Nahalal, the first moshav ovdim, was designed in a circular shape, where public buildings were located in the middle surrounded by a circular road, then the agricultural farm buildings were about 20 m from each other, and then the farms and fields were 45 m wide and hundreds of meters long, forming a whole shape of sunshine rays.

His designs for the children's house, kindergarten and school in Degania Alef embodied the social and educational principles of the kibbutz movement.
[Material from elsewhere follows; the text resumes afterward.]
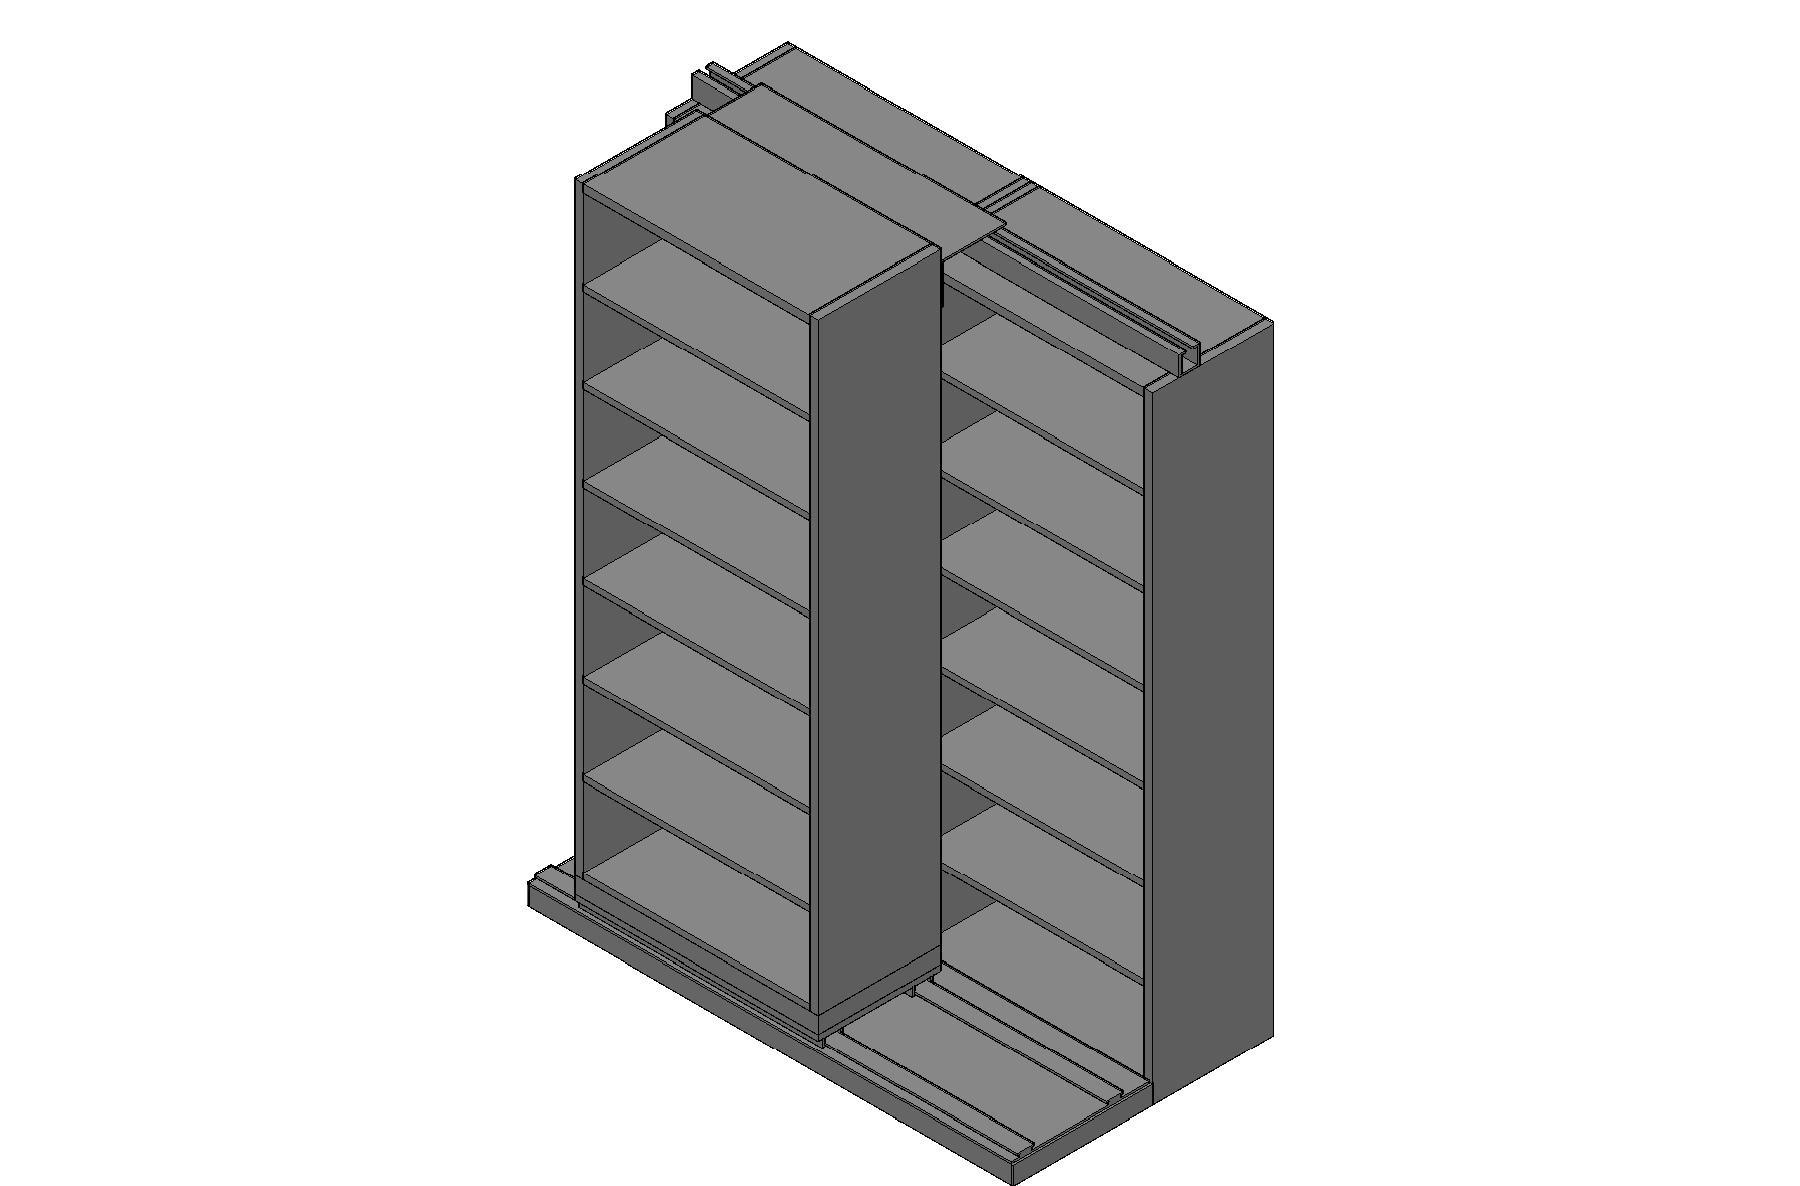 "Legal Size Sliding Shelves - 2 Rows Deep - 7 Levels - (30"" x 15"" Shelves) - 64"" Total Width"

Kauffmann was asked to design the northern neighborhoods of Tel Aviv, based on the urban plans of Patrick Geddes. In 1927, he was appointed a member of the British Mandate town planning committee. He built private residences all over the country and participated in design competitions. He was one of the architects of the Levant Fair (Hebrew Yarid HaMizrah) in 1932–1934. He planned the layout of the pavilions.
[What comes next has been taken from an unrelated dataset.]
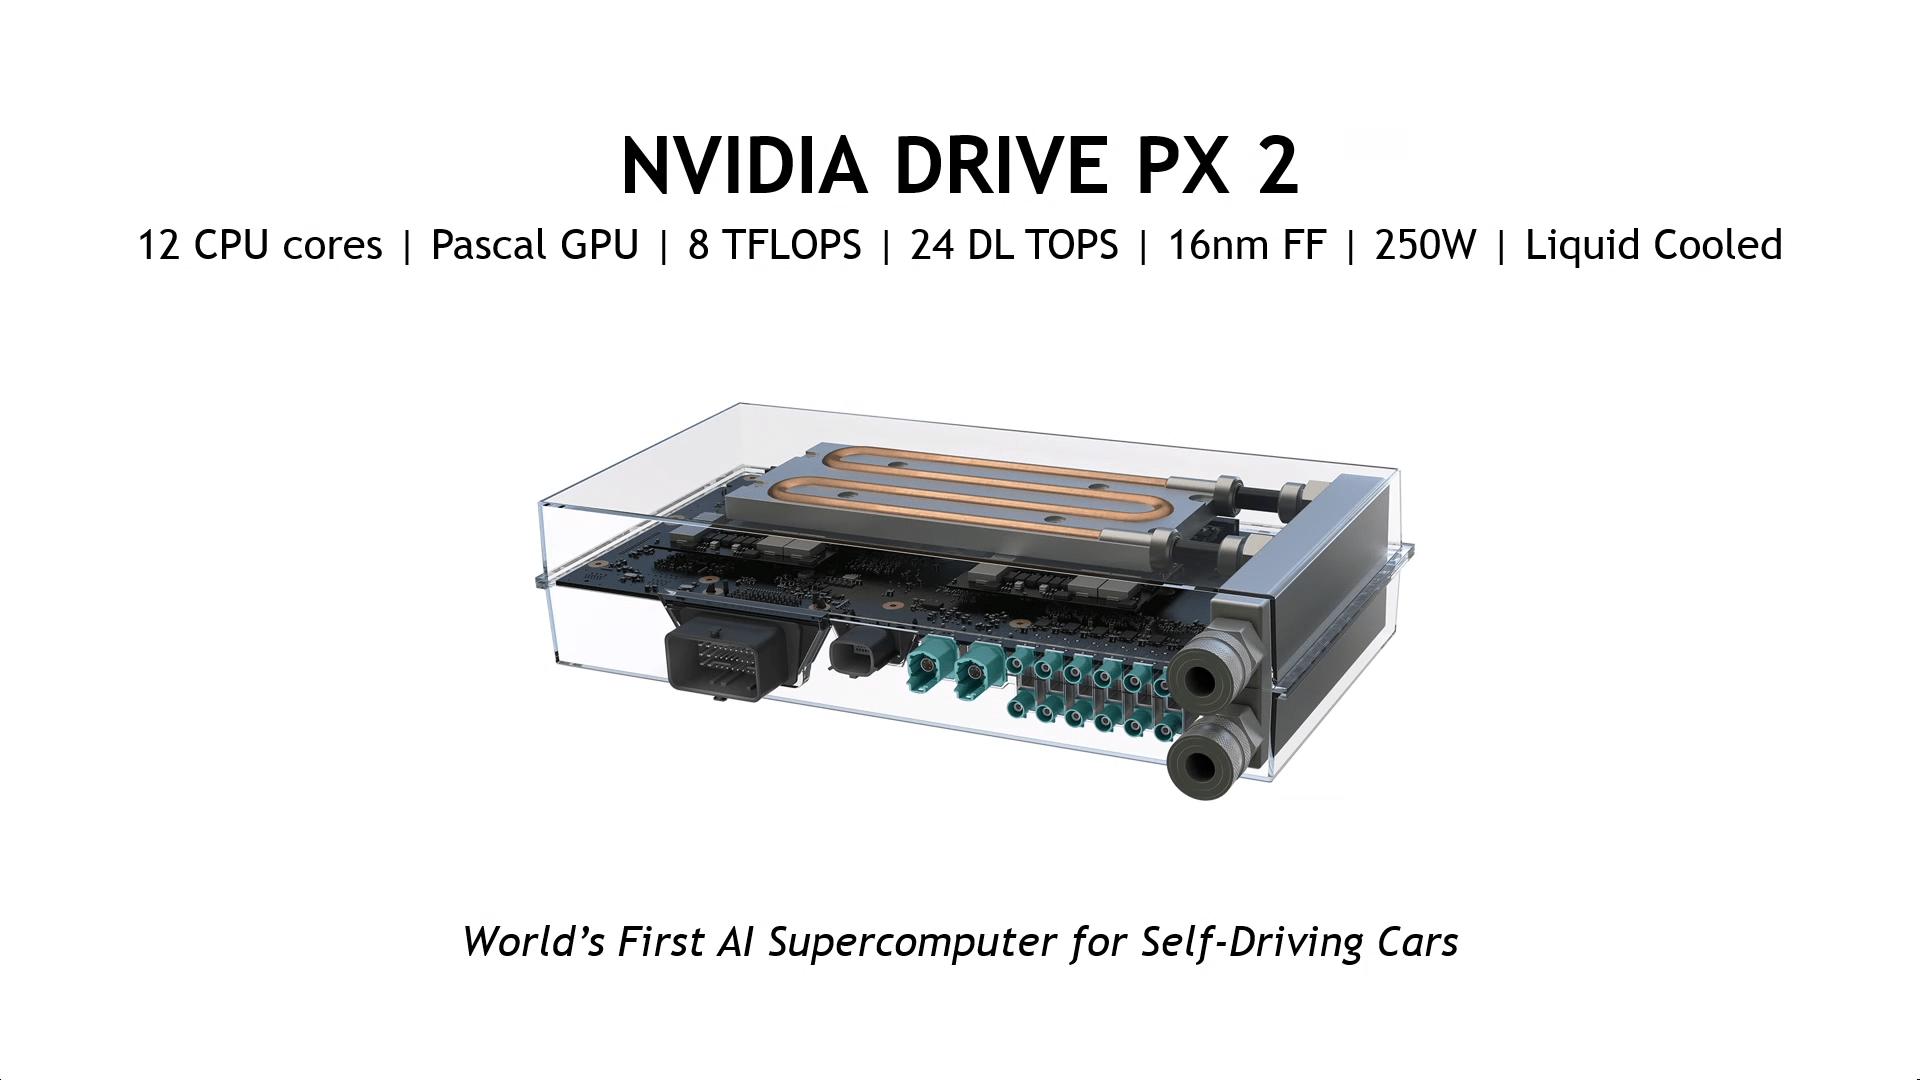 Drive PX 2

Kauffmann designed some new Israeli cities, such as Afula and Herzliya, and neighborhoods in major Israeli cities such as Rehavia, Beit Hakerem, Talpiyot and Kiryat Moshe in Jerusalem, and Hadar HaCarmel, Neve Sha'anan, Bat Galim and Central Carmel in the city of Haifa.

===Concept and style===
The main idea in his urban planning was the incorporation of Ebenezer Howard's idea of Garden suburbs, as a manifestation of social ideals, with the ideals of agricultural-Zionist communities, and with the pragmatical needs of the inhabitants of those communities and the settling organizations requests. He was influenced by Neoclassicist architecture, but his urban and agricultural community planning also addressed specific environmental and climate conditions.